Good luck.  I hope this helps.

----------

## depontius

 *BeastOfBurden wrote:*   

> 
> 
> Old way: initrd-2.6.12-gentoo-r6
> 
> New way: initramfs-x86-2.6.12-gentoo-r6
> ...

 

This is news. I remember a while back on the kernel list hearing about "early userspace" and intramfs, and how it was the way of the future. To be honest, other than the format, I don't fully understand the differences between initramfs and initrd. But it sounds like it's here. I haven't gotten around to building a 2.6.12 kernel yet. Does anyone know if anything special needs to be done for this? I normally just start from my old .config.

----------

## Maheriano

He's right about the naming, I built it last night and it's working fine. There aren't any other differences that I noticed, just that I can't boot into the X server but that seems to be something independent of the naming.

----------

## gmtl3

I stumbled across this topic looking for genkernel and busybox.  Thanks for the note on the naming changes, as I'd missed that too.

However, why is there all these busybox entries in the genkernel output now (or is that not new)?  I'm not aware of needing any buxybox stuff.  What's it doing?

Thanks,

----------

## depontius

My understanding is that initramfs is supposed to be "early userspace", and as such is supposed to be a more robust environment than an initrd. I would guess that busybox is part of that increased capability.

I recently had a stick of memory go bad in the kids' computer. Last night I got the replacement installed, ran memtest86+ for a while, then trotted out the big guns... gcc. (Good job Crucial, for a prompt and no-hassle replacement.) I haven't had much time to play, but my first attempt to boot the new 2.6.12 kernel failed. I need to look harder at the grub line - it complained about finding the root device, so I probably messed something up.

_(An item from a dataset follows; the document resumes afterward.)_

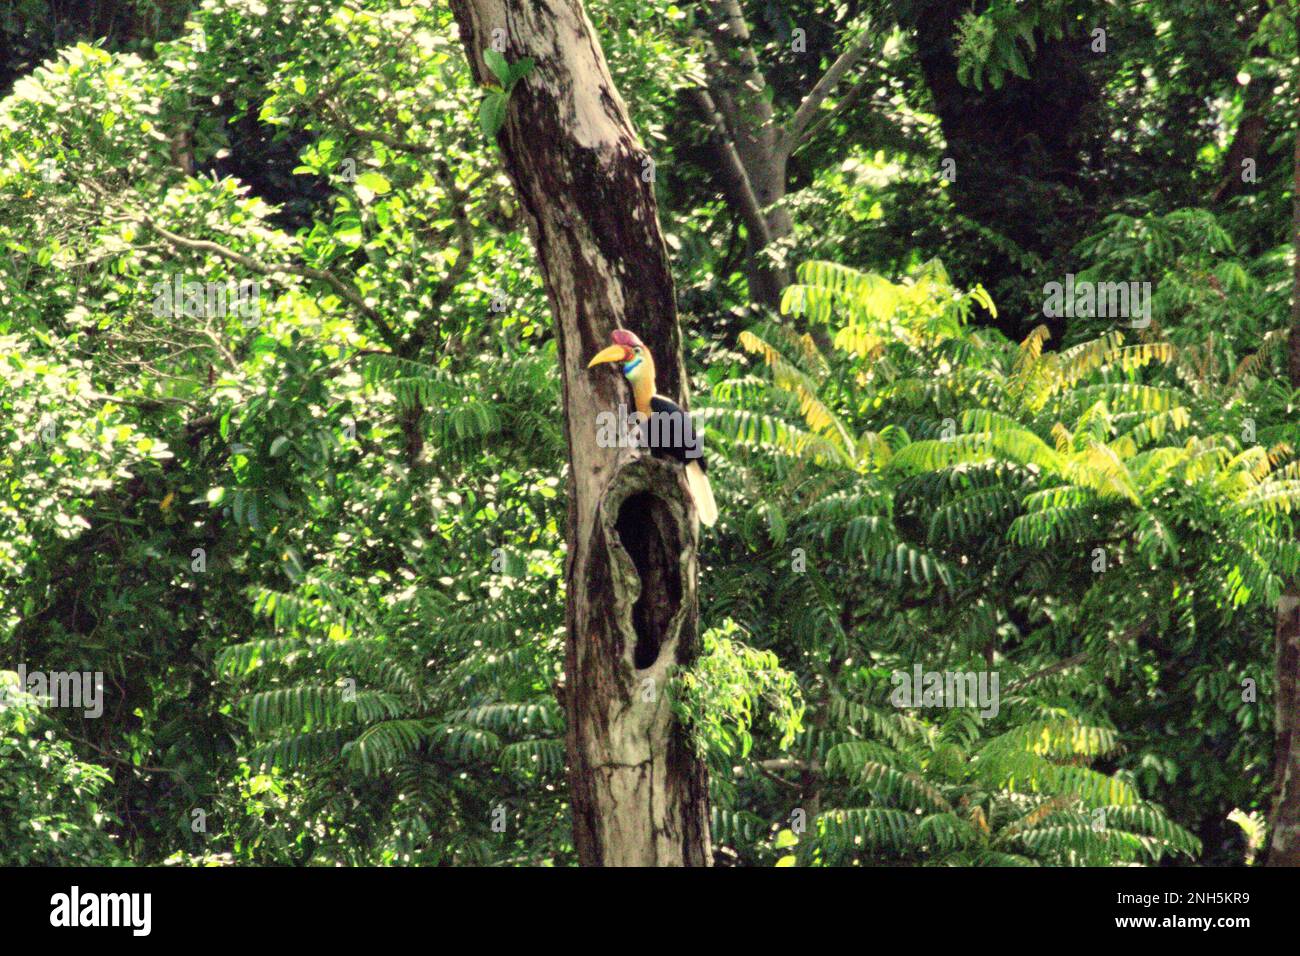 A male individual of knobbed hornbill, or sometimes called Sulawesi wrinkled hornbill (Rhyticeros cassidix), is perching above a potential nesting hole on a tree in rainforest near Mount Tangkoko and DuaSudara in Bitung, North Sulawesi, Indonesia. The species is currently considered vulnerable to extinction due to logging and hunting, according to Amanda Hackett of Wildlife Conservation Society in a 2022 publication. 'With trees diminishing, there are no safe places for hornbill pairs to build their nests in large mature trees,' she added. Stock Photo

Do you use an initramfs just like an initrd?

----------

## Maheriano

 *depontius wrote:*   

> My understanding is that initramfs is supposed to be "early userspace", and as such is supposed to be a more robust environment than an initrd. I would guess that busybox is part of that increased capability.
> 
> I recently had a stick of memory go bad in the kids' computer. Last night I got the replacement installed, ran memtest86+ for a while, then trotted out the big guns... gcc. (Good job Crucial, for a prompt and no-hassle replacement.) I haven't had much time to play, but my first attempt to boot the new 2.6.12 kernel failed. I need to look harder at the grub line - it complained about finding the root device, so I probably messed something up.
> 
> Do you use an initramfs just like an initrd?

 

Ya when I recompiled my kernel and tried to boot it, it failed. You just swap out the initrd name and swap in initramfs. Be careful though, the whole name is different, the new names of the kernel and init contain the architecture as well.

----------

## wolfden

Wow, thanks that helped

mine were

initramfs-genkernel-x86-2.6.12-gentoo-r6

kernel-genkernel-x86-2.6.12-gentoo-r6

----------